There seems indeed no limit to the creative fecundity and colouristic fervour of these same Slavs. Bakst, Benois, Anisfeld, Roerich, Serov— one by one they pass in review, each bearing the stamp of a distinctly endowed personality and the boon of a rich racial patrimony. The sensuous neoclassic evocations of Bakst, the gracious eighteenth-century inspiration of Benois, eloquent of Peterhof and the parks and gardens of Versailles, the oriental fantasy of Anisfeld, and the remote, northern archaism of Roerich are familiar to us alike on exhibition wall and across the footlights.
These men, together with their colleagues, Korovin and Golovin, belong, however, to what we may designate as the first phase in the evolution of contemporary Russian stage decoration. They are not, strictly speaking, modernists in their attitude toward the problem in hand. It has been reserved for newer talents to carry forward the work they so triumphantly initiated, a task that is to-day being accomplished by Goncharova, Larionov, Alexandra Exter, Kuznetsov, the diverting Sudeykin, and kindred progressive spirits.
Futurist Decors
IT is to the credit of Goncharova and Larionov that they should have been the first painters to apply the principles of cubism and futurism to stage setting and costume. When, in May, 1914, Goncharova's version of Le Coq d'Or was seen at the Paris Opera, it was at once conceded that something new had transpired in the realm of scenic presentation. The success of Goncharova's Le Coq d'Or was supplemented the following season by Larionov's Soleil de Minuit, and in 1917 Larionov attained still more original and striking effects in his Contes Russes, which was first offered at the Chatelet.
Sudden as was the apparition of these two artists, and sensational as was their debut, it must not be assumed that their position had been one achieved without due preparation, or that logical sequence which is the prelude to solid achievement. To those fortunate enough to be familiar with artistic affairs in Russia, they have long been known as courageous modernists, and it is the specifically modern note which is the characteristic feature of their contribution. Side by side they have fought for the acceptance of the new in art, and the battle which began a dozen or more years ago in Moscow has finally been won in Paris and London.

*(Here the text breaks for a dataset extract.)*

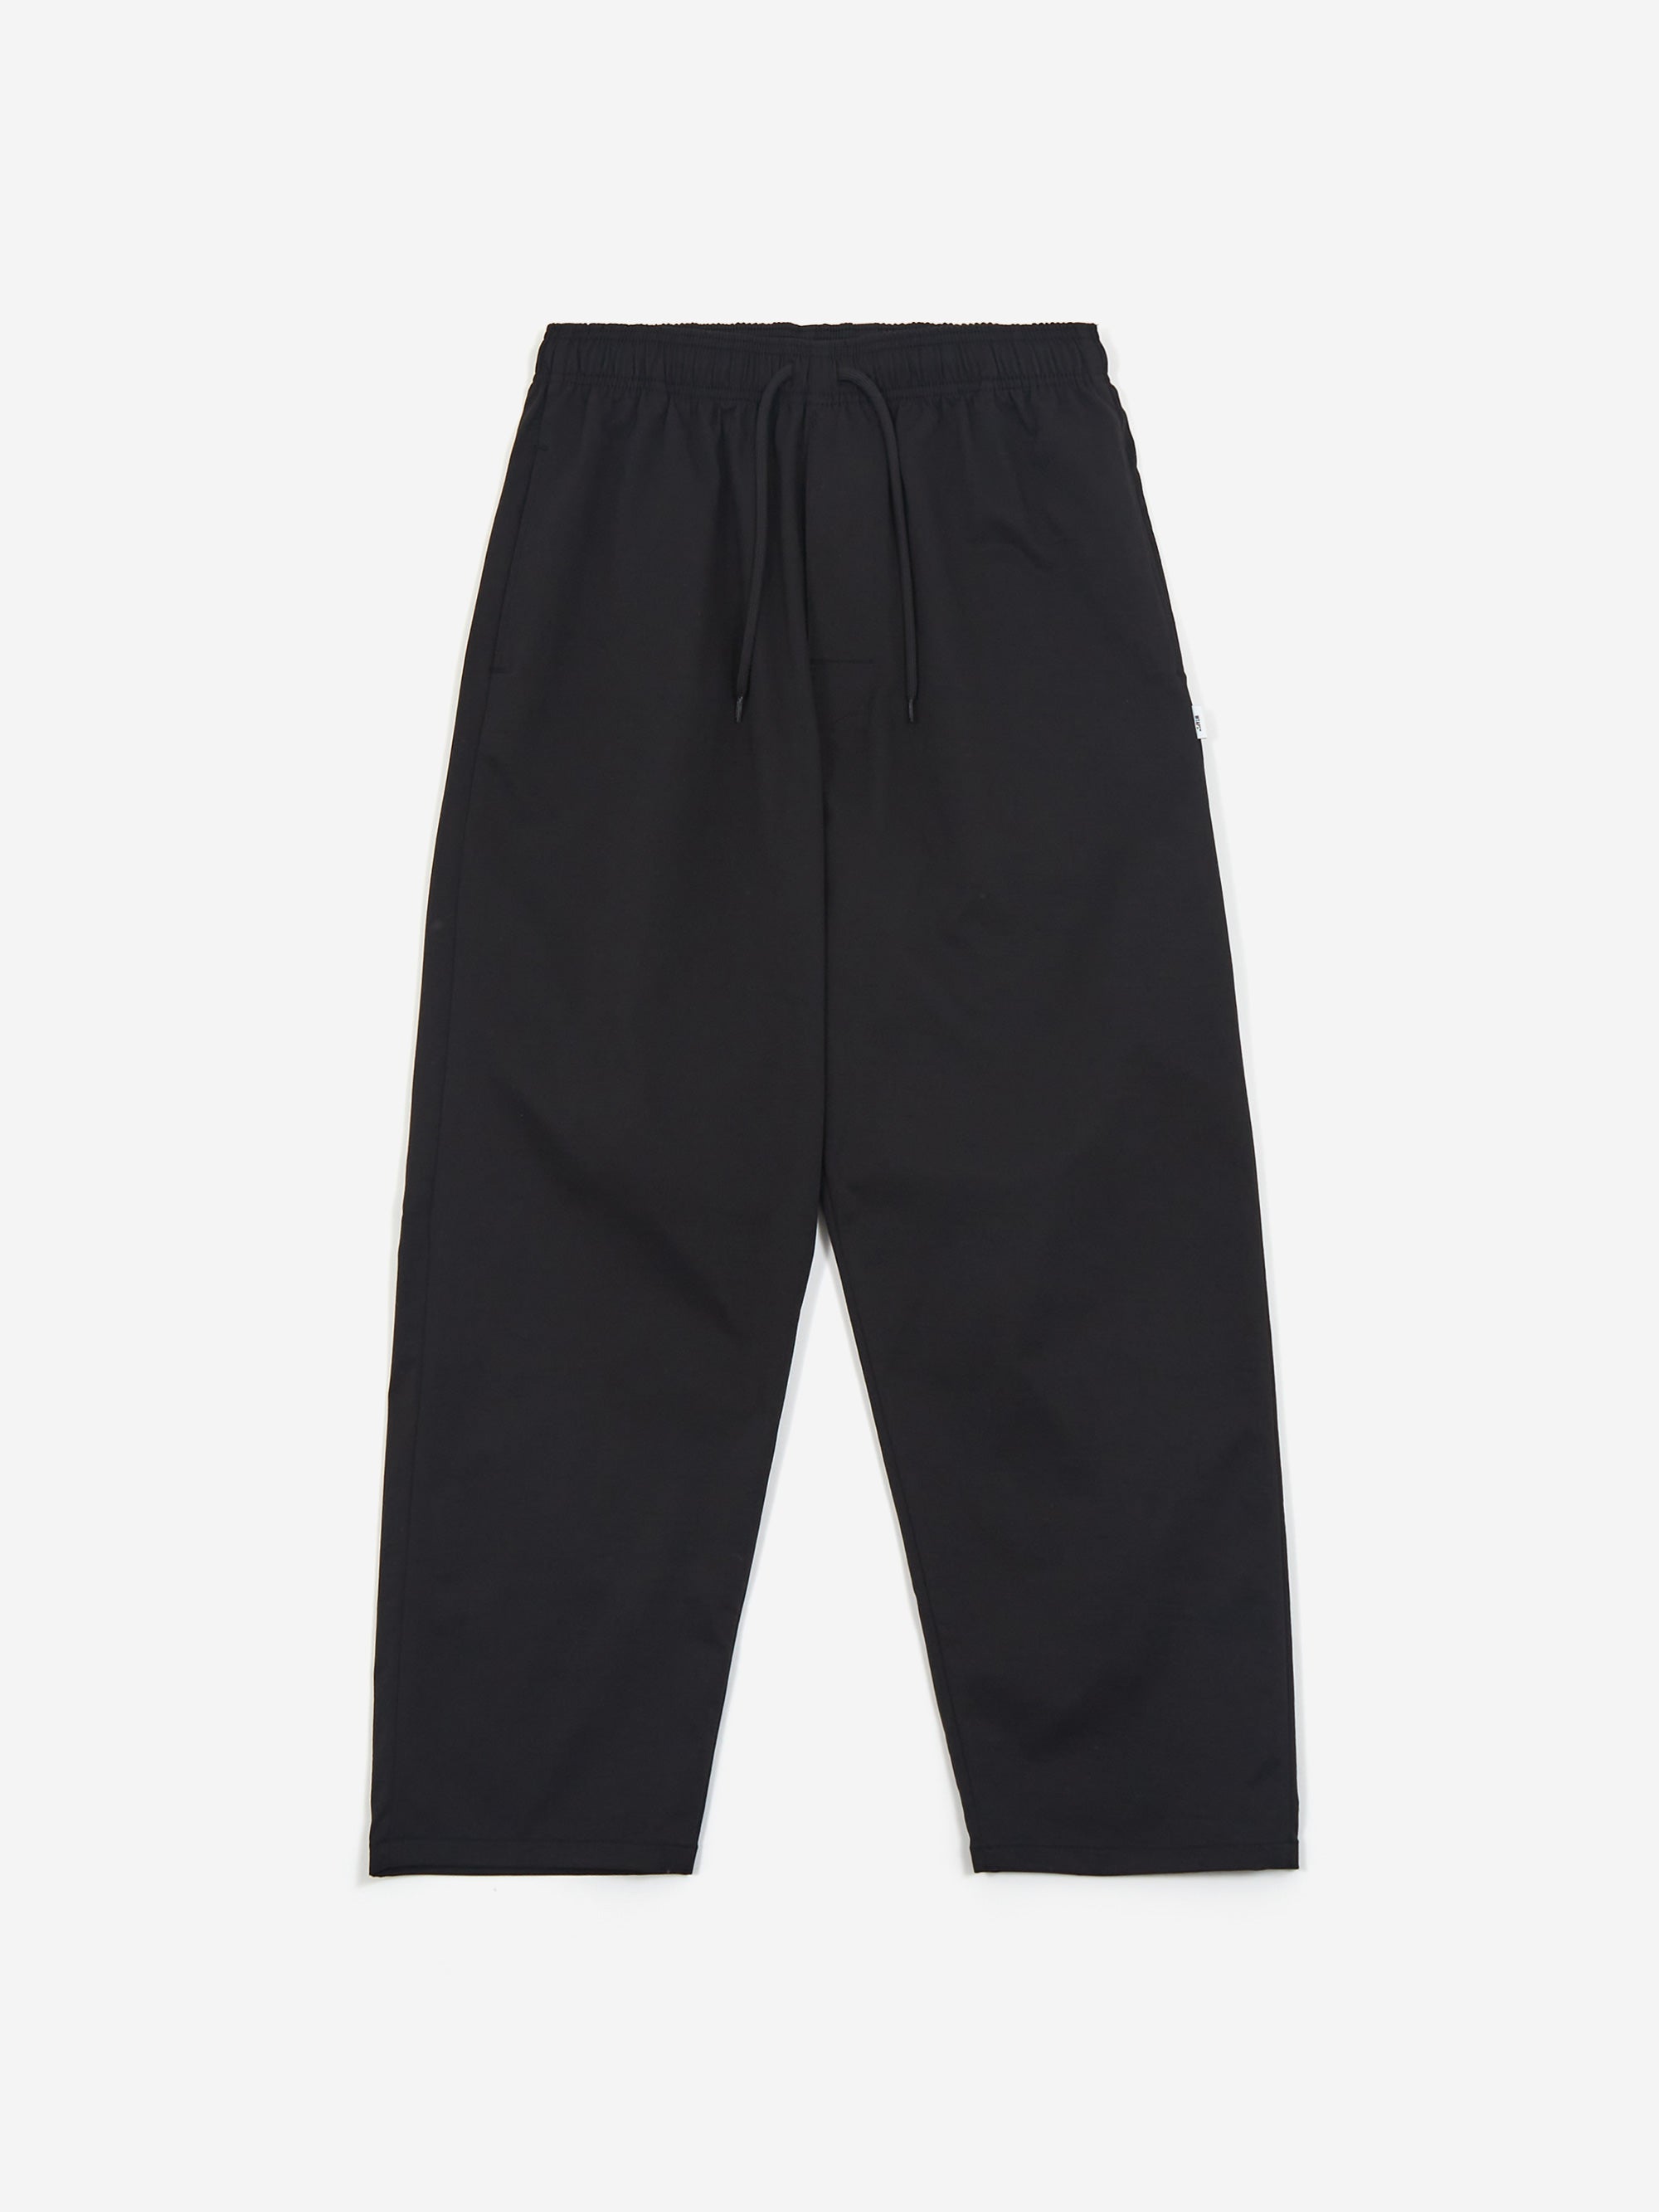 WTAPS Seagull 01 / Trousers / Poly. Twill - Black

The daughter of a distinguished architect and a great grandniece of the poet Pushkin, Natalia Sergeyevna Goncharova was born on a typical Russian landed estate in the Government of Tula. On her father's side she is descended from a noble family, already rich and influential in the reign of Peter the Great, while her mother's family, the Bieliaevs, have long been prominent in ecclesiastical circles. Her childhood was passed wholly in the country, where she learned to know and love nature and the local peasant life, so rich in colour and so permeated with religious mysticism and artless fantasy. After some years in this district, she moved to the great family manor house in the Government of Kaluga, with its two hundred or more rooms and walls hung with stately ancestral portraits by Borovikovsky and Levitzky.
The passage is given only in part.